When programmers ruled, everyone lived by the code

Turn the clock back 30 years and you encounter a very different work force in government computing.

In the days of massive mainframe computers, magnetic tape was the storage medium and terminals were dumb. Job functions were few.

'There were programmers and systems analysts and there wasn't much more than that,' said Phil Kiviat, a partner in the consulting firm Guerra, Kiviat, Flyzik & Associates of Oak Hill, Va.
In 1972, when Kiviat became the first director of the Federal Computer Performance Evaluation and Simulation Center (FEDSIM), then run by the Air Force, computer workers were 20-something males.

Many of them were right out of college, armed with degrees in electrical engineering, or had come from other military organizations with three to five years of experience in the computing field, Kiviat said.

'The kings of the hill were the programmers,' said Frank McDonough, former deputy associate administrator for the Office of Intergovernmental solutions at the General Services Administration. 'They kept everything going. They had knowledge that nobody else had.'

McDonough, who recently joined Guerra, Kiviat & Flyzik after spending 38 years in government service, recalled how bifurcated job functions were in the early days.

'There was always this tension between the guys trying to design and develop the requirements, and the guys who knew the secret handshake'how to do the programming,' he said.

'The way systems were developed was totally different,' said Kathleen Adams, who spent 23 years in the IT sector at the Social Security Administration. 'There were partitions [between job functions]. Systems analysts would do requirements and then throw it over the wall to the programmers.'

At Social Security in the 1970s, it was not unusual for workers with nontechnical backgrounds and liberal arts degrees to learn about computer systems on the job or undergo training to become programmers or analysts, she said.

Adams landed at SSA with an English degree in 1972, working first as a policy analyst. In 1976, after an intensive training program, she became a systems analyst.

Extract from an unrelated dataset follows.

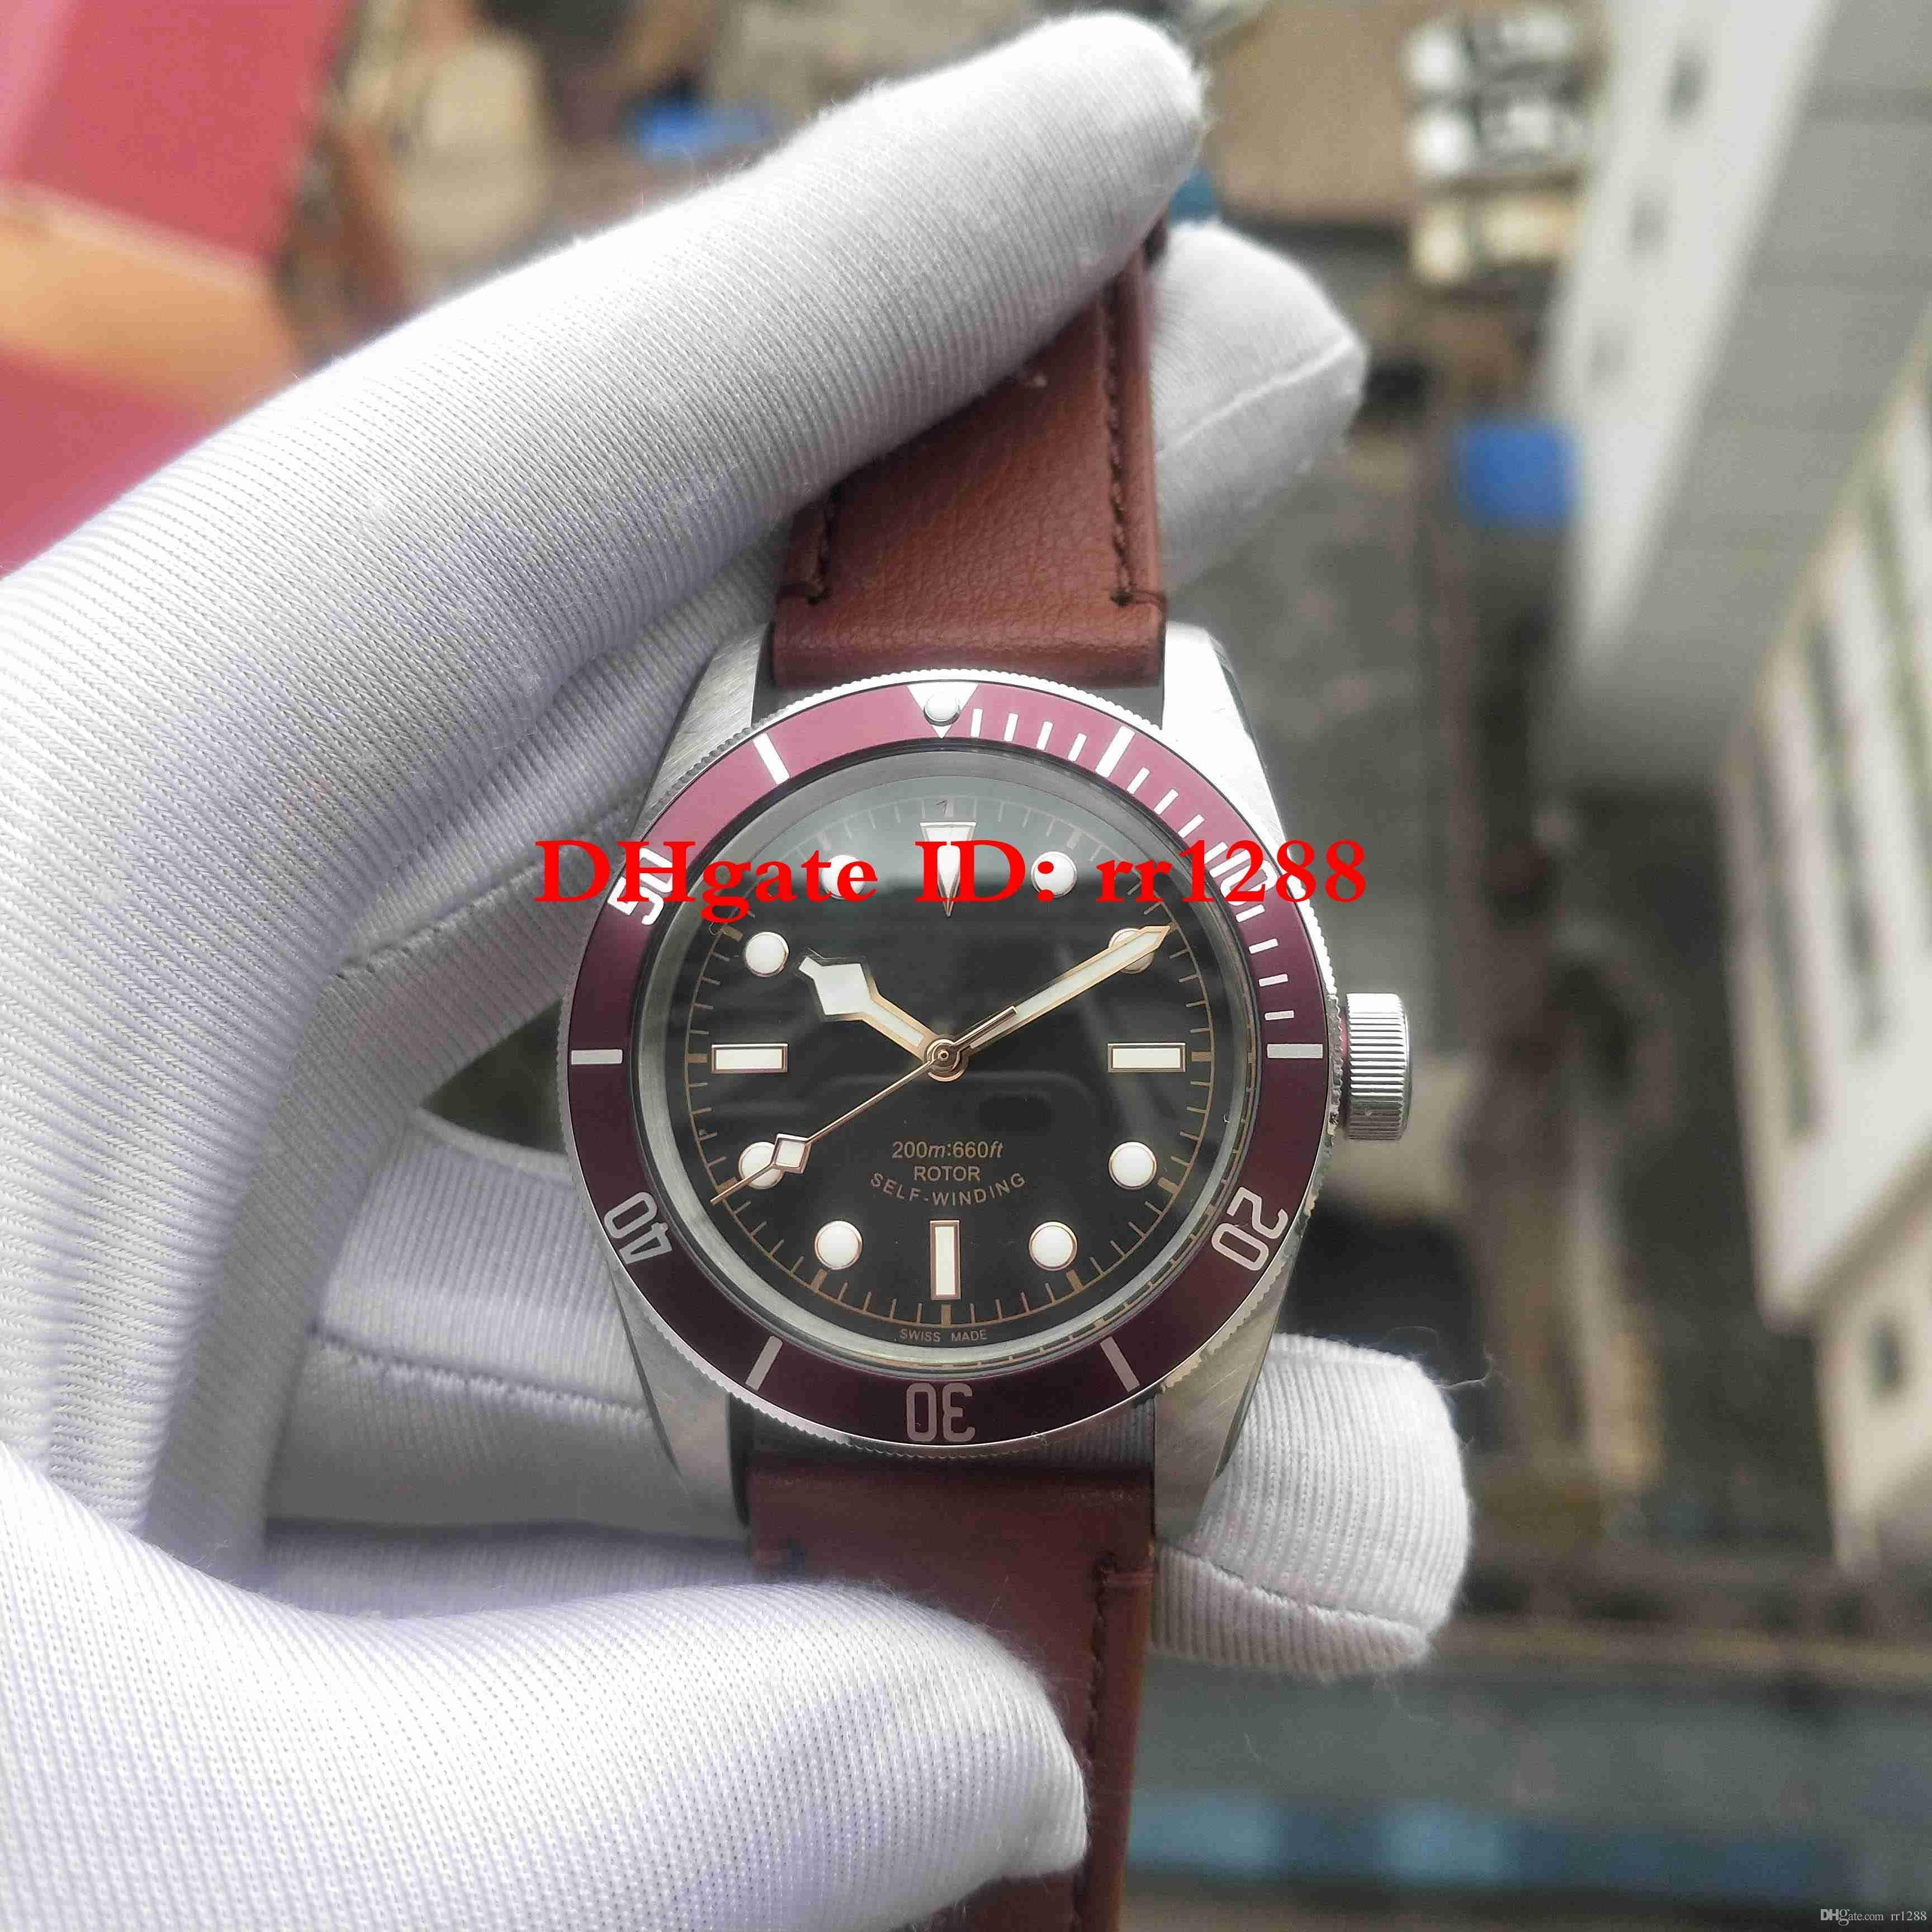 En çok satan Yüksek Kalite İzle GENEL Saatler Mekanik Otomatik Siyah kadran Kahverengi kayış Erkek Saatler Saatı

She had few women colleagues in the early days. But even well into the '80s, there weren't many women in government computing, especially in management.

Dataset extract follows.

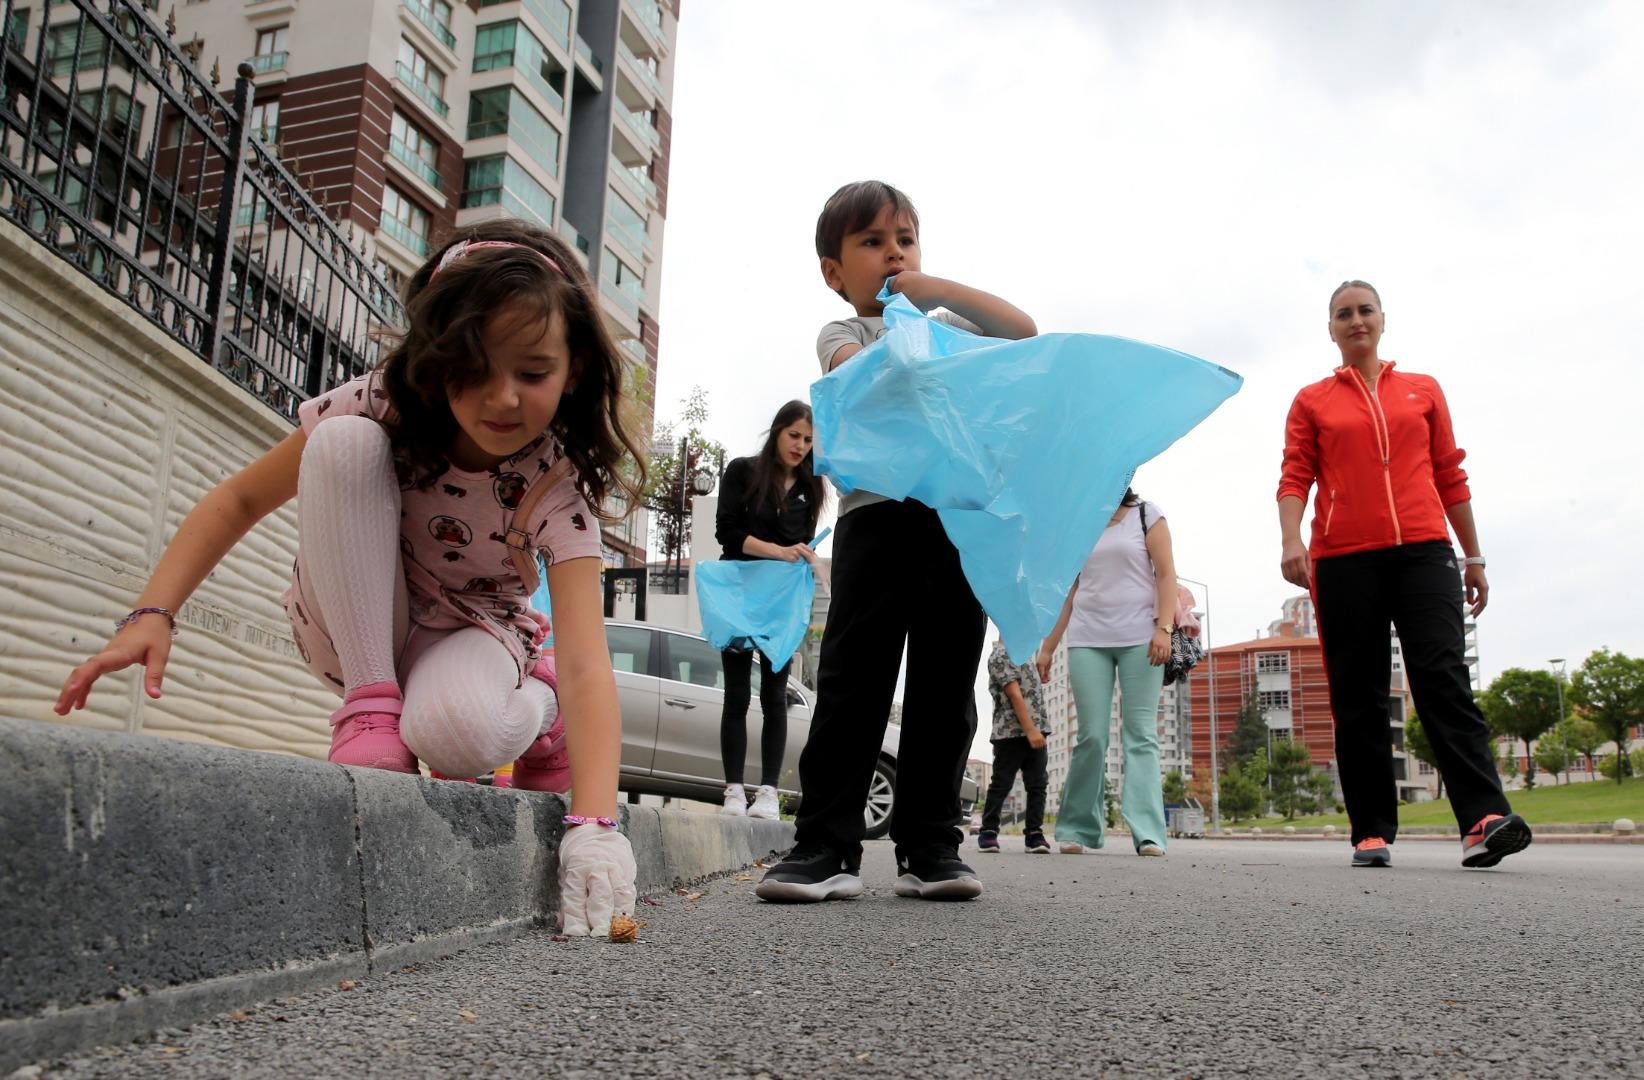 Anneler, çocuklarıyla parklardaki atıkları topluyor

'It wasn't unusual to go through a whole day of meetings where I would be the only woman in the room,' she said. 'I think that's changed a lot today, because a lot of women are going into the field.'

There also weren't many contractors in the room; most of the IT work was done in house.

'There was nothing you could think of as a professional services industry,' Kiviat said.

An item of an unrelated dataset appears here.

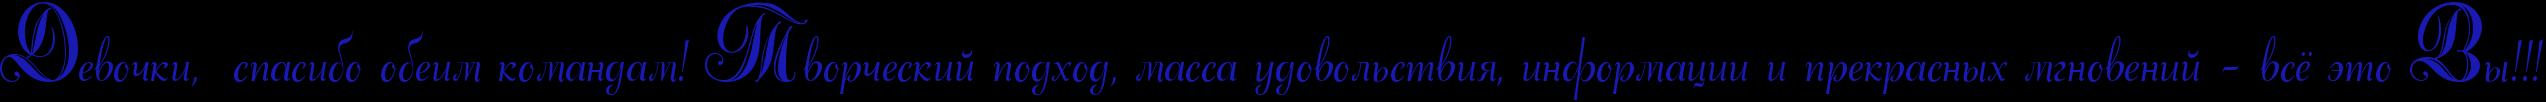 http://x-lines.ru/letters/i/cyrillicscript/0914/1919b3/60/1/4nkpbpqosmem7wc84n7pbqbcryopdyqoz9embwcb4nhpbcqozaopbxsos8emmwfa4n6nbwf44n9pbxgosdem5wfw4napbxbbrdekfwf14n9pdygto9emmwcb4n7pbqgozropbx6oz5emjwcf4n9pbpbcrdem3wfo4gy7dyqosyopdy6osuem7wf14n9pbq6ttueadwcn4n3pbqgtthsnbwfa4n67dbgoz5eabwfh4napdbsozdemoegozyopbx6todemmwf44gypbcgto8em5wcm4gn1bwfh4n37bxqoz5emfwfi4n67bqgozron4egosmeadwctrdea5wcn4n9nbwr14gf1nejb.png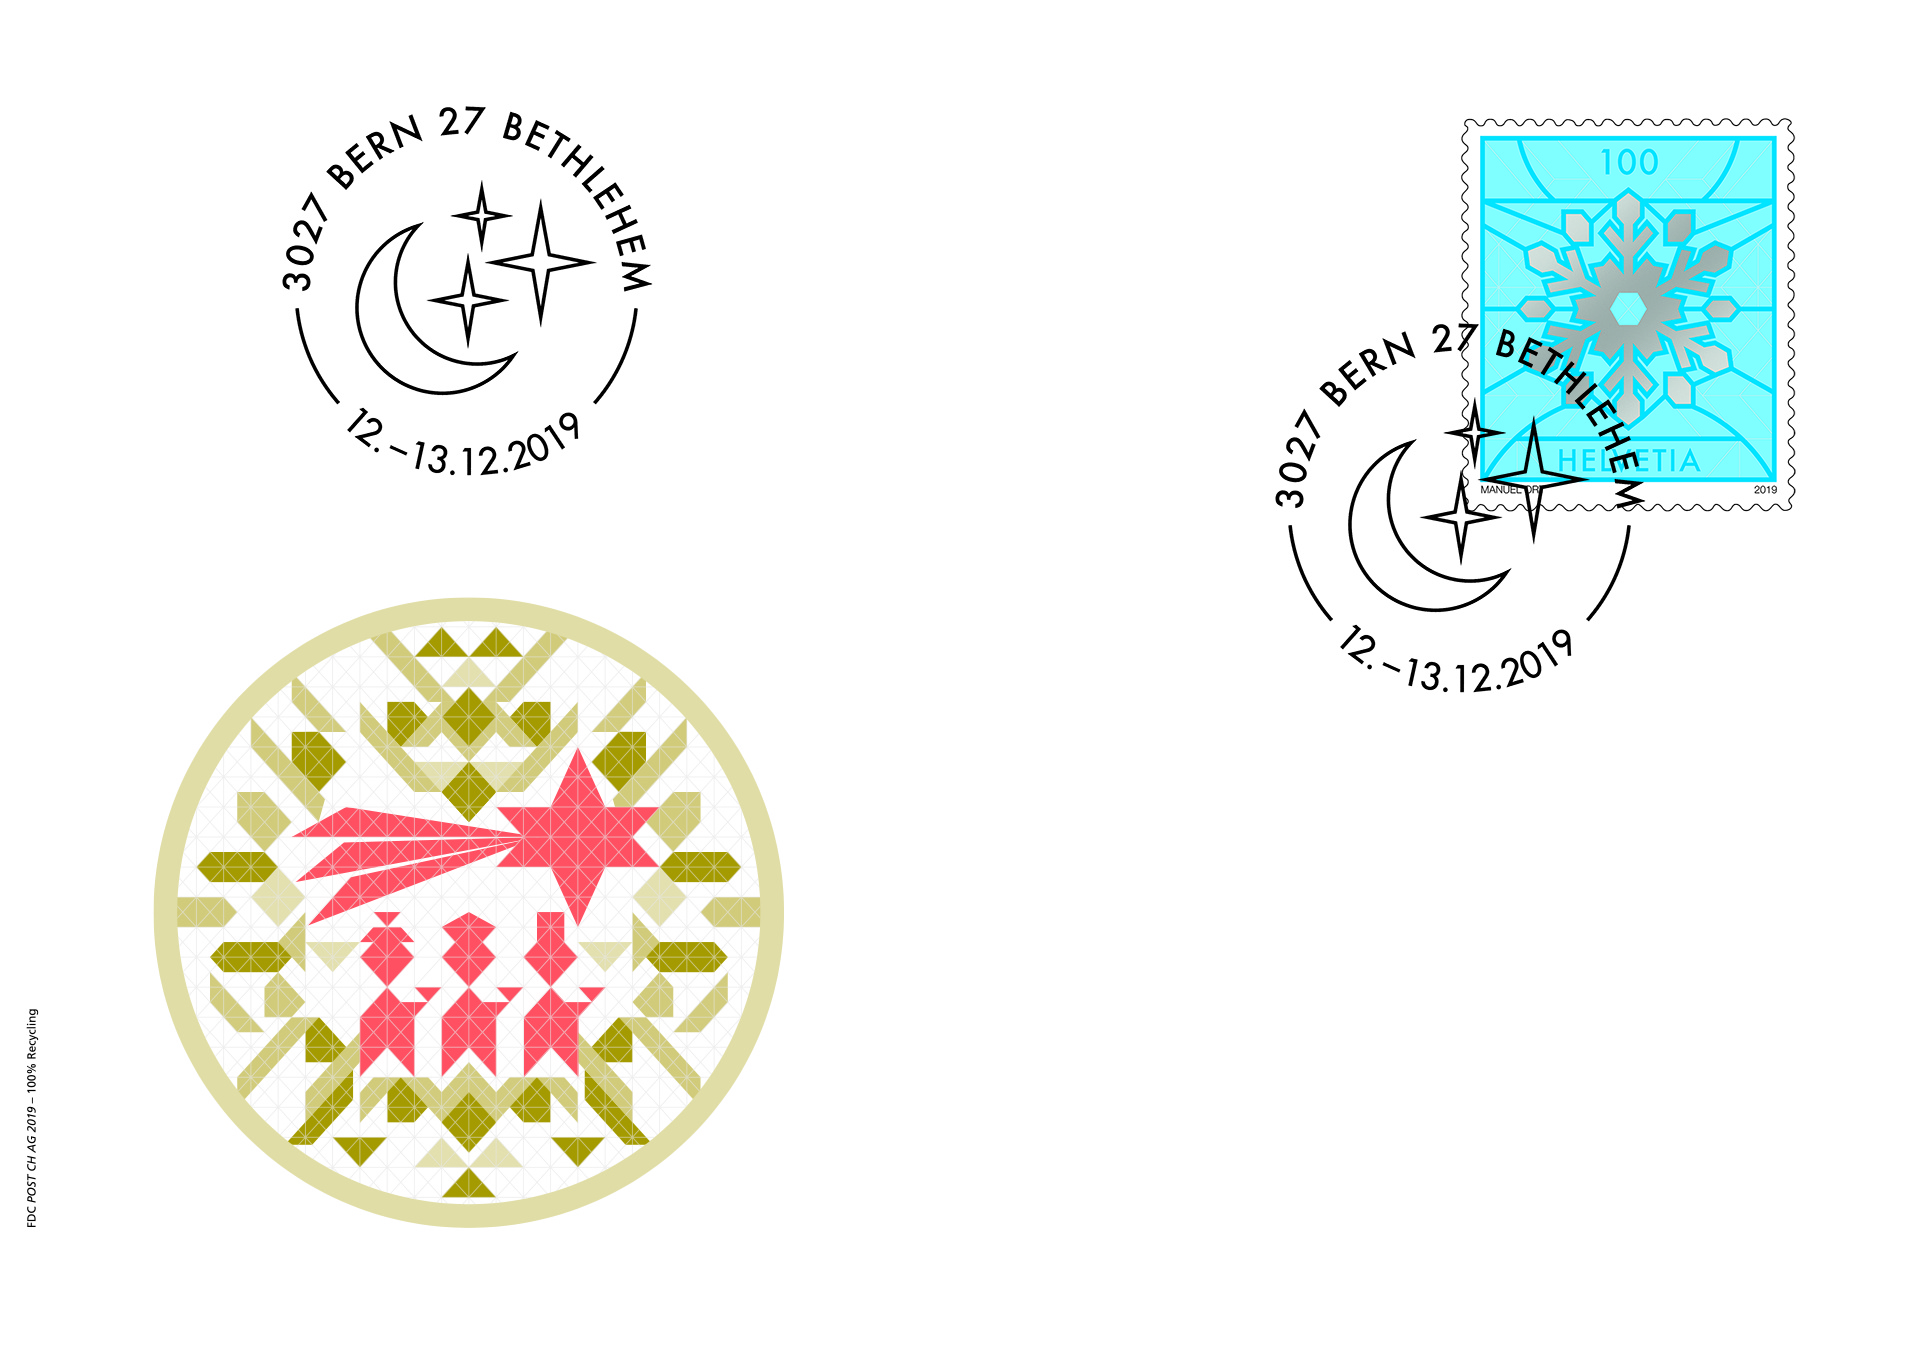 Dieses Jahr zieren Sichelmond und Sterne den Weihnachtsstempel von Bethlehem. Den Bethlehem-Sonderstempel 2019 hat Manuel Ort, Grafiker aus Bern, konzipiert.

Agency IT employees who began their careers in the '60s or '70s, once on the job, viewed government work as a lifelong career. They tended to stay until retirement.

One reason was that, under the old civil service retirement system, employees lost their pensions if they left government too early. The system put federal workers into what was commonly referred to as 'golden handcuffs,' veterans of federal work said.

That began to change in 1987 when the Federal Employees Retirement System, which migrated most employees to the Social Security system, was implemented. FERS made it easier to depart.

If the demographics and job functions of yesterday's IT work force are vastly different from today's, so is the way the work force is viewed.

Twenty years ago, 'there was really a sense that people on the IT side were second-class citizens, just support people,' said Fred Thompson, who worked in government IT for 20 years.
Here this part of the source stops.